Epidural anestezinin, normal doğum sırasında ağrıyı azaltan bir yöntem olduğunu ve birçok kadın için doğum sürecini daha yönetilebilir hale getirdiğini de söyleyen Dr. Öğr. Üyesi Tuğba Yılmaz Esencan, şunları kaydetti:

“Bu da normal doğum oranlarını artırabilecek bir faktördür. Epidural, annenin doğum sürecini daha rahat geçirmesine yardımcı olabilirken, doğum süresini uzatma ve doğumun ikinci aşamasında annenin kontrolünü azaltma gibi bazı dezavantajları da olabilir. Bu yöntem doğru kullanıldığında doğum sırasında annenin rahatlamasına yardımcı olabilir.”

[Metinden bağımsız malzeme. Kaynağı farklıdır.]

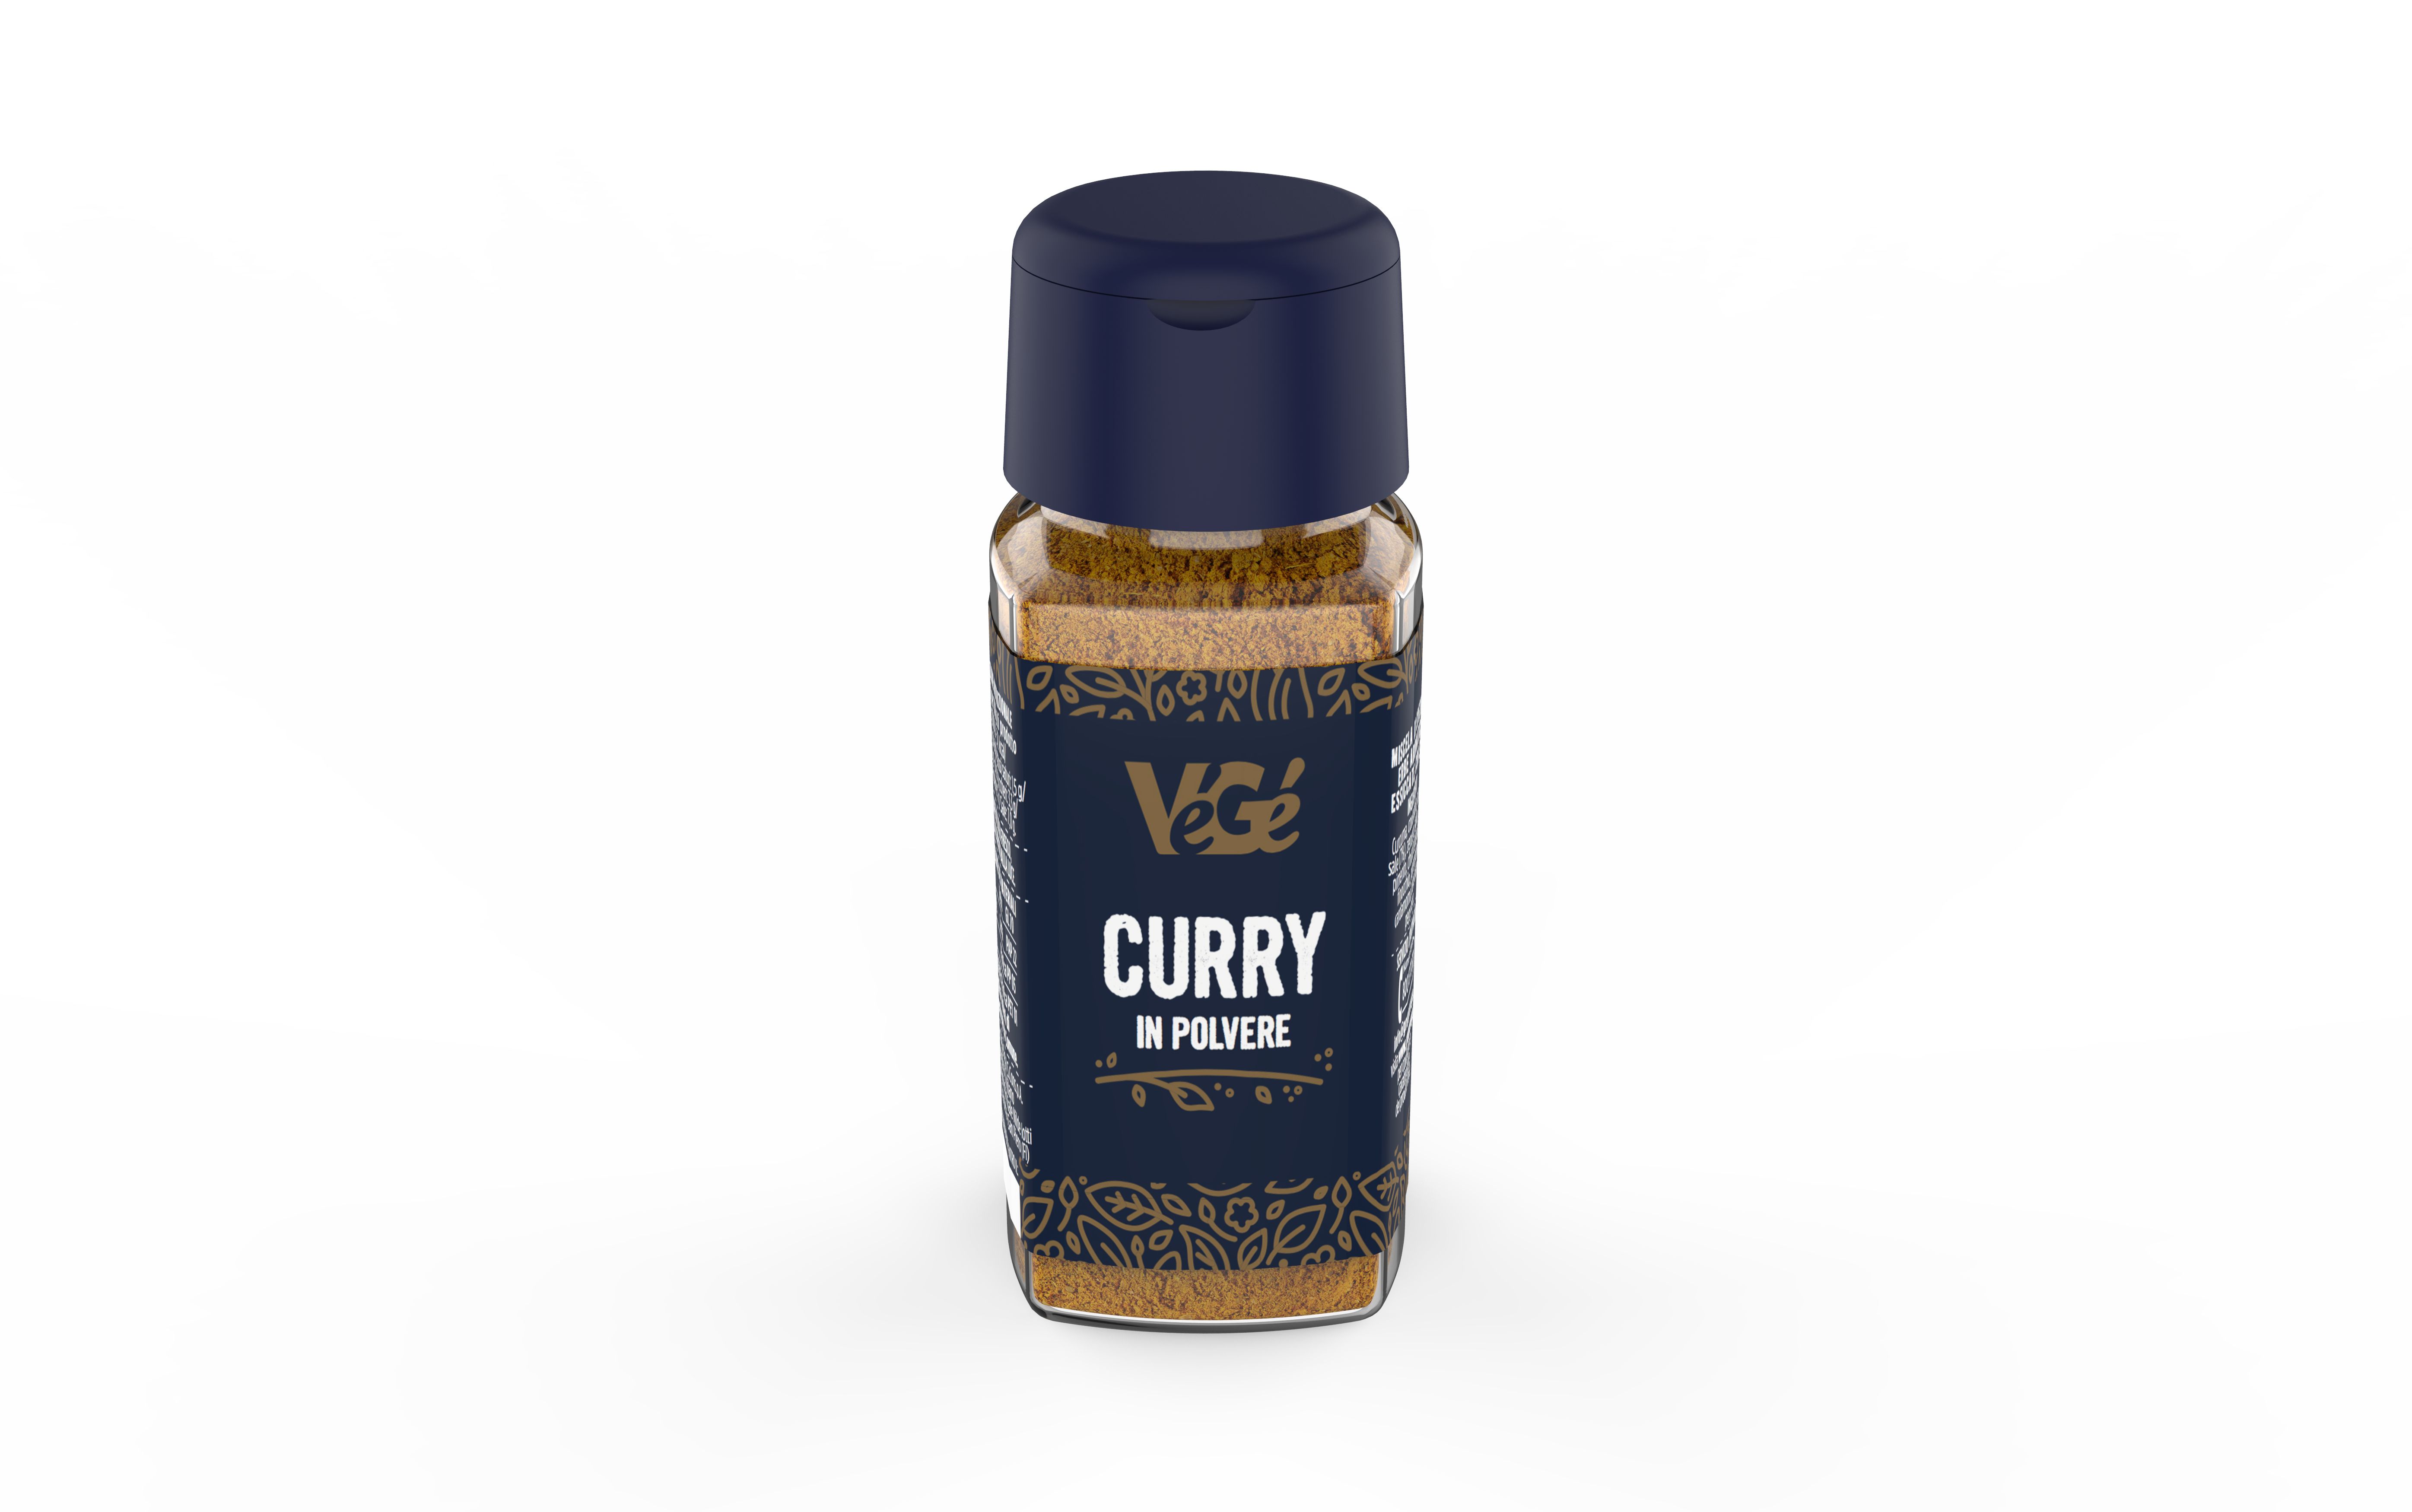 Curry in polvere Vegé GDO (Grande Distribuzione Organizzata)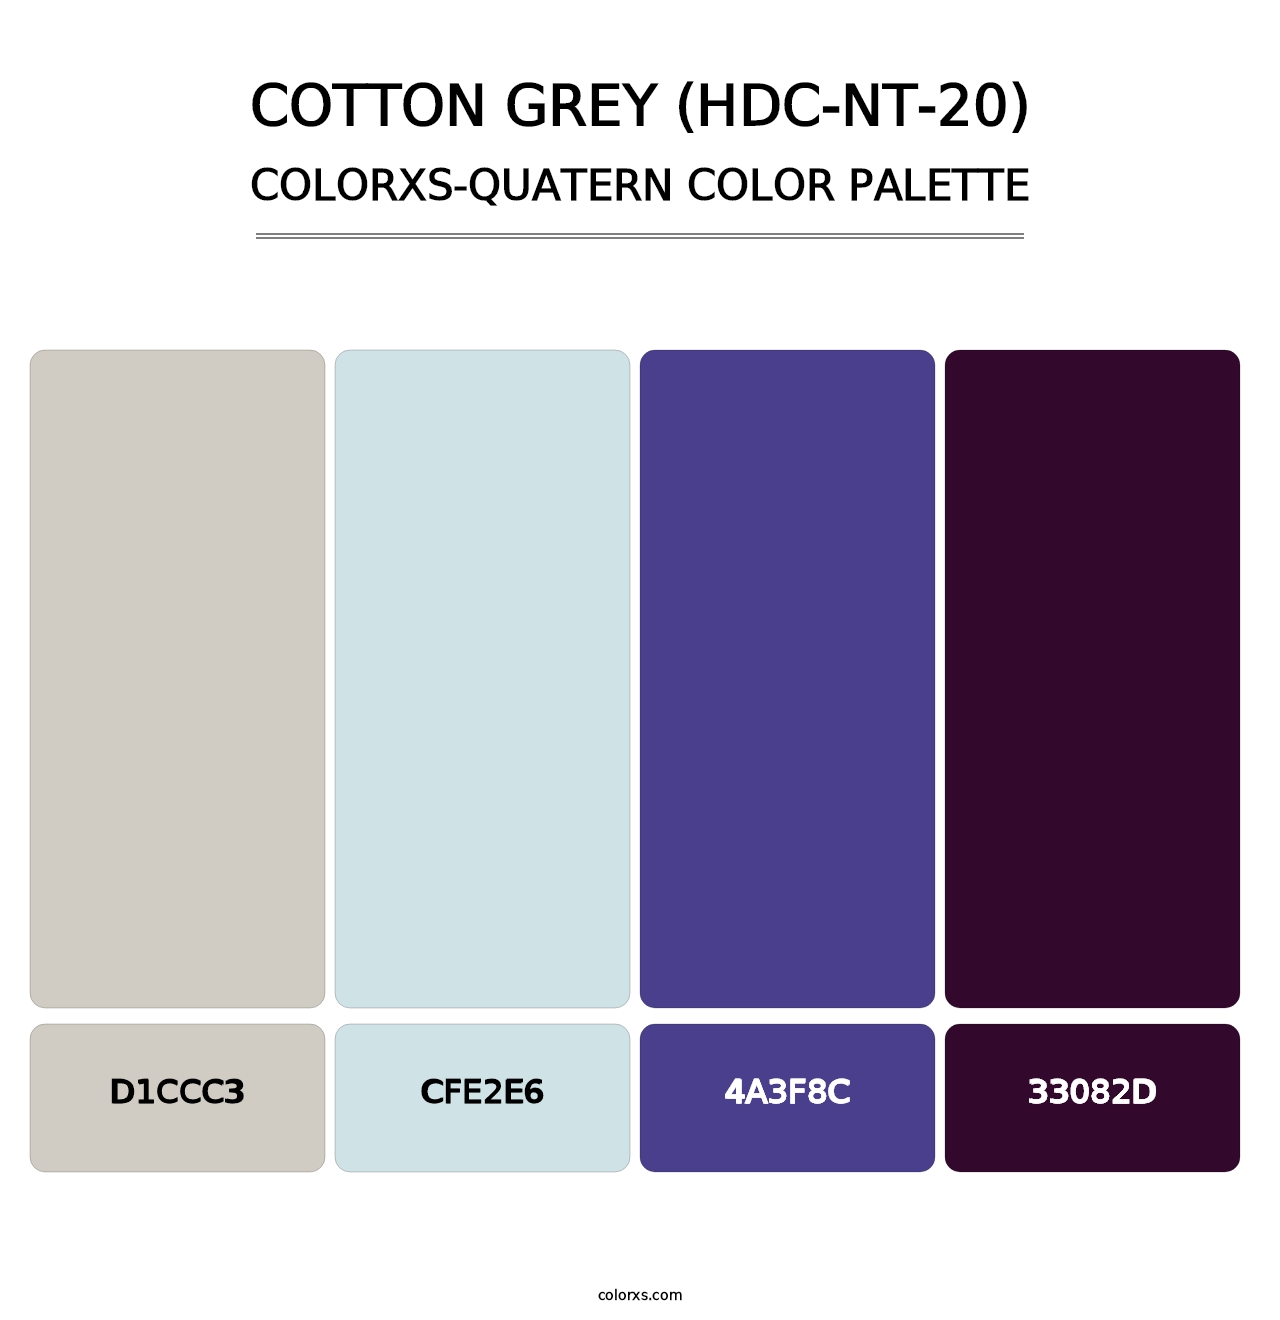 Cotton Grey (HDC-NT-20) - Colorxs Quatern Palette

Ebelik hizmetleri neden önemli?

Doğumun doğal sürecinde ebelerin rolünün oldukça önemli olduğunu da dile getiren Dr. Öğr. Üyesi Tuğba Yılmaz Esencan, “Normal doğum oranlarının artması için ebelerin doğumdaki yerini yeniden alması gerekmekte ve ebe ile gebenin daha etkili bir şekilde buluşturulması gerekmektedir. Nitelikli ebelik hizmetlerinin yaygınlaşması, anne adaylarının doğum sırasında ihtiyaç duyduğu sürekli desteği sağlayarak, güvenli ve sağlıklı bir doğum süreci geçirmelerine yardımcı olur. Ebe desteğiyle yapılan doğumlar, doğum sürecini daha doğal ve olumlu hale getiren faktörlerden biridir. Doğum ortamında anneye sağlanan güvenlik, saygı, mahremiyet ve fiziksel-duygusal destek, annenin doğum sürecini daha rahat yönetmesine yardımcı olur ve doğum sonrası iyileşme sürecini hızlandırır. Ebe desteği, doğum sonrası annenin bebekle bağ kurmasını kolaylaştırarak, anneliğe uyum sağlamasına da yardımcı olur.” diye konuştu.

Her doğum kendine özgü…

Kadınların, normal doğumun faydaları konusunda yeterince bilgilendirildiğinde ve doğuma eğitimle bilinçli bir şekilde hazırlandığında, sezaryen doğumun yalnızca tıbbi zorunluluk durumlarında tercih edileceğini anlatan Dr. Öğr. Üyesi Tuğba Yılmaz Esencan, “Gebelik ve doğum, kadın vücudunun doğal bir işlevi olarak değerlendirilmelidir ve tıbbi bir gereklilik olmadığı sürece müdahalelerden kaçınılmalıdır. Doğumun anne ve bebek için sağlıklı bir şekilde tamamlanabilmesi, uygun bir doğum ortamının sağlanmasına, nitelikli ebelik hizmetlerine ve annelerin doğuma bilinçli bir şekilde hazırlanmasına bağlıdır. Sezaryen doğum, bazı durumlarda gerekli olsa da yanlış inanışlardan uzaklaşıp anneye suçluluk yüklemeden, her doğumun kendine özgü olduğunu kabul eden bir yaklaşımla ele alınmalıdır.” şeklinde sözlerini tamamladı.